June 6, 2020

Original poem, and a commentary on quarantine


discarded mask

disgusted by the disposable nature of safety

one year ago I would not have needed the muzzle

keeping me in

keeping you out

stifled by hot breath

disgusted by myself

why is it I have to burp every time I put on the mask?

disappointed in protesters who disrespect my condition for their "constitutional rights"

Freedom to kill me

dissolves my Freedom to be

I long for before

1 impatiently wait for after

unable to mask my disgust at the unmasked-

so afraid of every cough, every sneeze.

- 21 May 2020


I wrote this for my writing group a few weeks ago, and I want to talk about this coronapocalypse. Now, I know that people are stir crazy, fighting cabin fever, and trying to figure out how not to dropkick their kids out the window.

The thing is I've been essentially on lock-down, self-quarantining since flu season started. I go out every once in a while with The Husband, with my reusable washable mask, and tons of hand sanitizer. Our trips out are quick and purpose-driven, and involve very little in the way of meandering. Since I've been essentially in isolation since December (I think?), I've become very uncomfortable being in public. People cough, sneeze, and breathe on all kinds of things that I don't even want to think about. So essentially I stay in my house.

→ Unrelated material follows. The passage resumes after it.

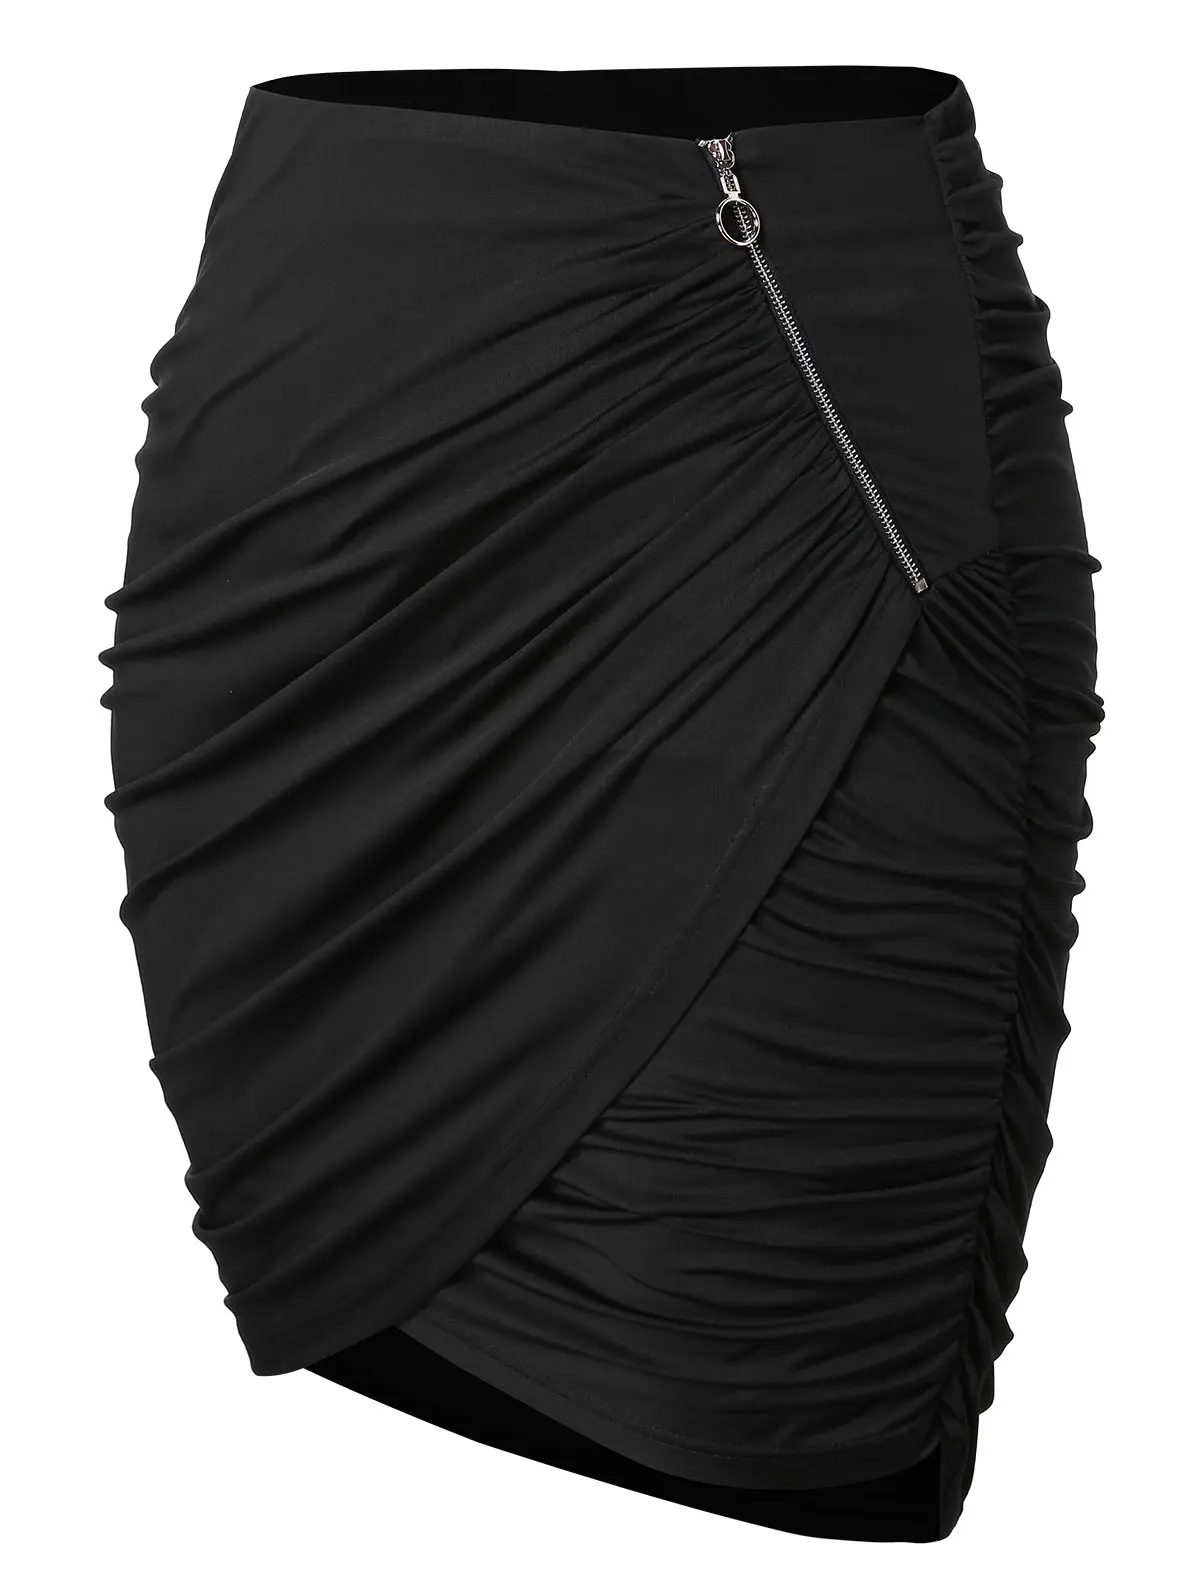 Wipalo размера плюс на молнии Асимметричная юбка с рюшами Женская юбка Мини Повседневная офисная юбка Faldas Mujer Moda Весна Лето 5XL

On top of all of that, I just recently started anOTHER new chemo protocol. Plus my wonderful oncology team has so kindly added even more pills to take every day.

I've got uppers, downers, anti-inflammatory pills, antacids, the whole lot. This new treatment protocol is HARD. Not to get into too much whiny detail, but sometimes it feels like drowning under the weight of it all. I've been trying to keep up with people as much as I have the time and energy to do so, but y'all, I am tired. There is nothing interesting happening, and because I am even more immunocompromised than before, I really just don't trust going out in the public. If one flu virus or strep germ gets to me, it could be incredibly dangerous.

So, that being said, I know that I've been pretty radio silent for a while. I know there is a whole apocalypse happening out there in the world. My silence doesn't mean I don't notice what is happening out there. My silence means that I have my actual literal brain as my top priority right now. That is all I can focus on at the moment, and you know what, I have actual literal brain cancer. I think this focus is fair.

1 comment:

  1. this is beautiful. you're so strong, please keep writing!